Chicken embryos have been altered so that the birds grow dinosaur-like snouts - Errorcod3
http://www.nature.com/news/dino-chickens-reveal-how-the-beak-was-born-1.17507

======
robinhouston
Two quotes from the article:

> The research … does not aim to engineer flocks of hybrid ‘dino-chickens’ or
> to resurrect dinosaurs, says Bhart-Anjan Bhullar

> But applying these insights to engineering ‘dino-chickens’ has proved
> difficult, [Jack Horner] says. “We’re having a little more trouble with the
> tail. There are so many components.” Other anatomical features could be
> altered by tinkering with development proteins, Horner adds. “It gives us a
> lot of opportunities to think about making new kinds of animals.”
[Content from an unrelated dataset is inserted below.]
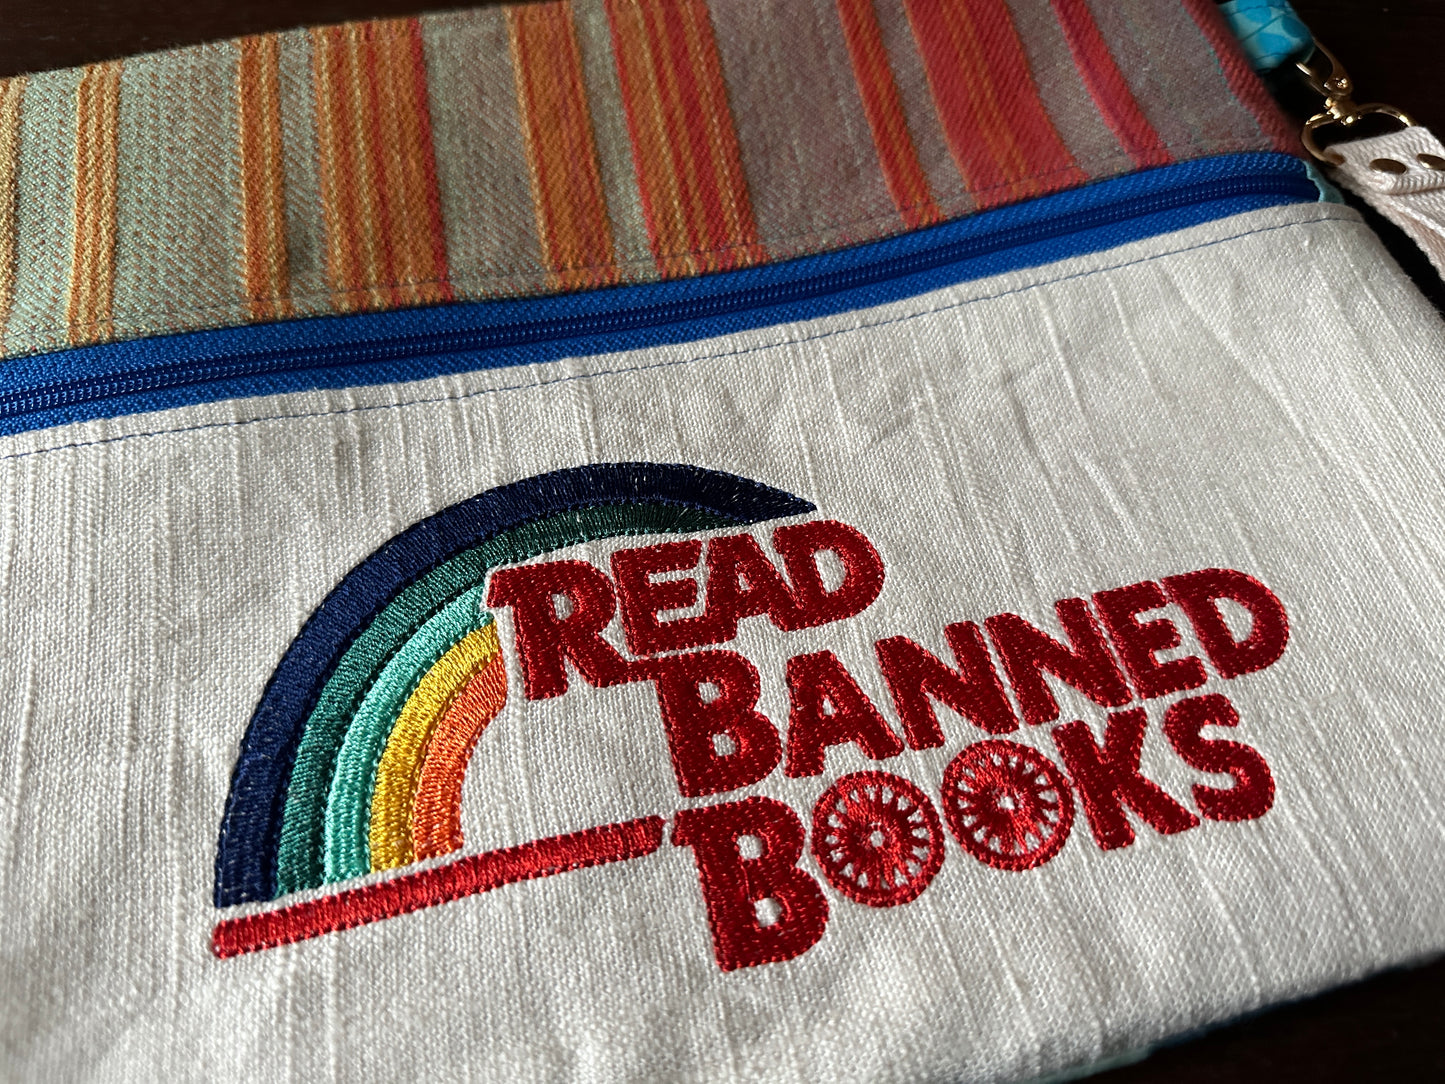 Read Banned Books Large Double Zipper Sleeve and Tablet Pouch
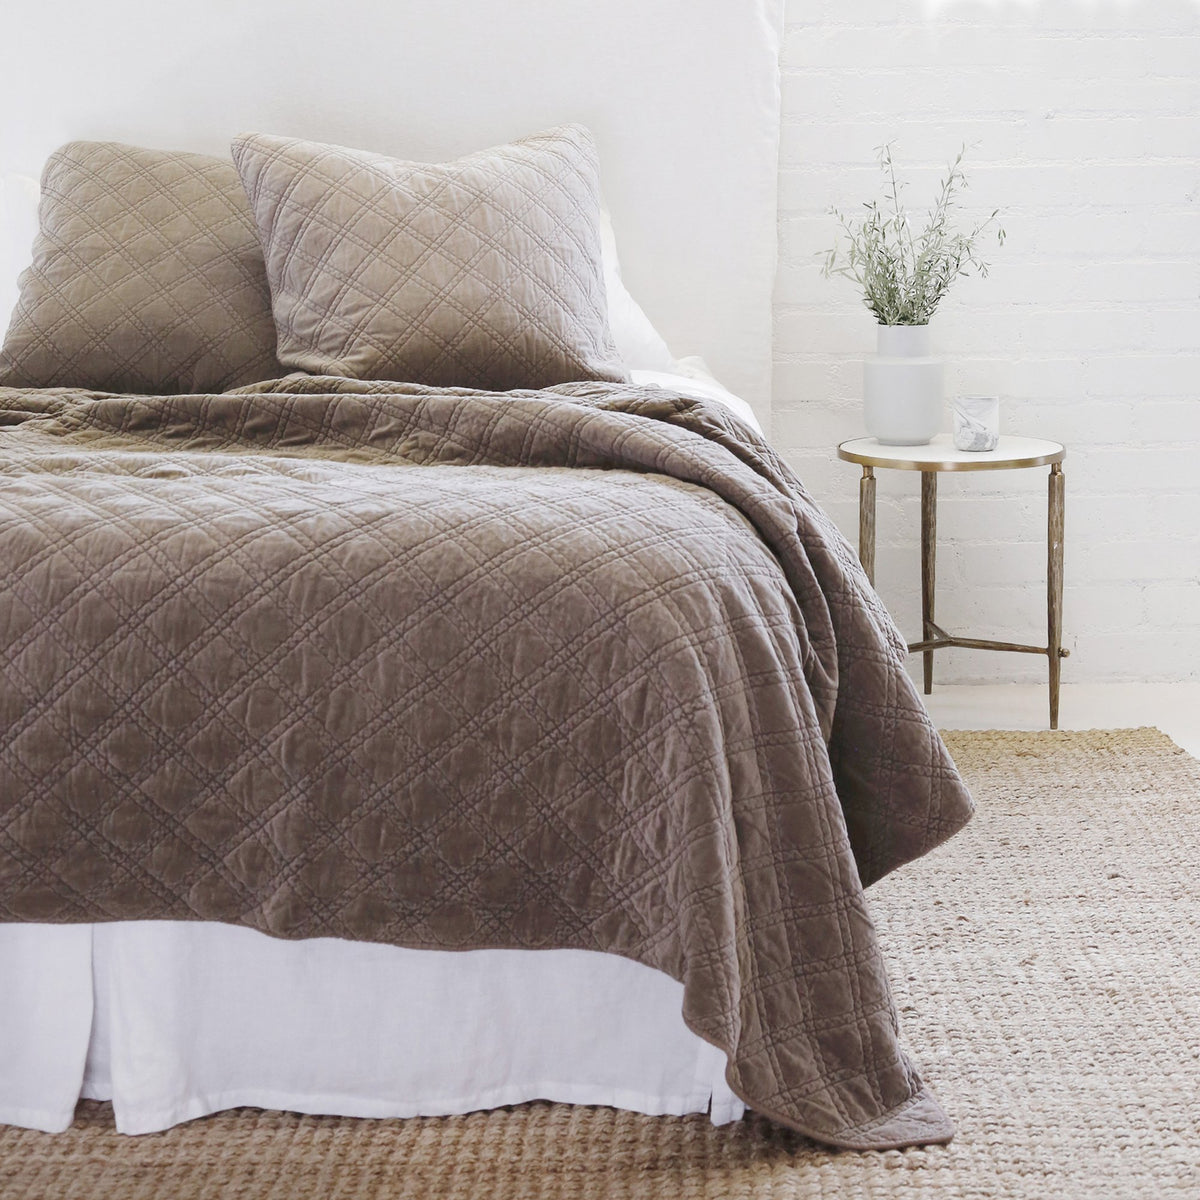 POM POM BRUSSELS COVERLET COLLECTION - WALNUT

I think this means that Bhart-Anjan Bhullar does not aim to engineer flocks of
dino-chickens, but that Jack Horner does.

------
jws
Headline disorder: The researcher is quoted in the article: _" I would not say
we gave birds snouts.”_

------
derefr
Sounds like the inhibition of a similar protein to the one that leads to
Cyclopia in humans. (You can google the term, but I wouldn't recommend it.)

------
gooseus
> The altered chicks still had a flap of skin over their would-be beaks, so
> the difference is not obvious, says Bhullar. “Looking at these animals
> externally, you would still think it’s a beak. But if you saw the skeleton,
> you’d just be very confused," he says. "I would not say we gave birds
> snouts.”

But hey, he's just a scientist, what does he know about generating clicks?

Cool research though

EDIT - Seems the title was edited to be less "Scientists create..." but I
stand by my comment since it obviously got to the front page with that
original title and people should be shamed for profiting from sensationalism

------
loco5niner
Click-bait

------
grimmdude
Mmmmmm dinosaur-like snouts. Off to McD's for some nugs!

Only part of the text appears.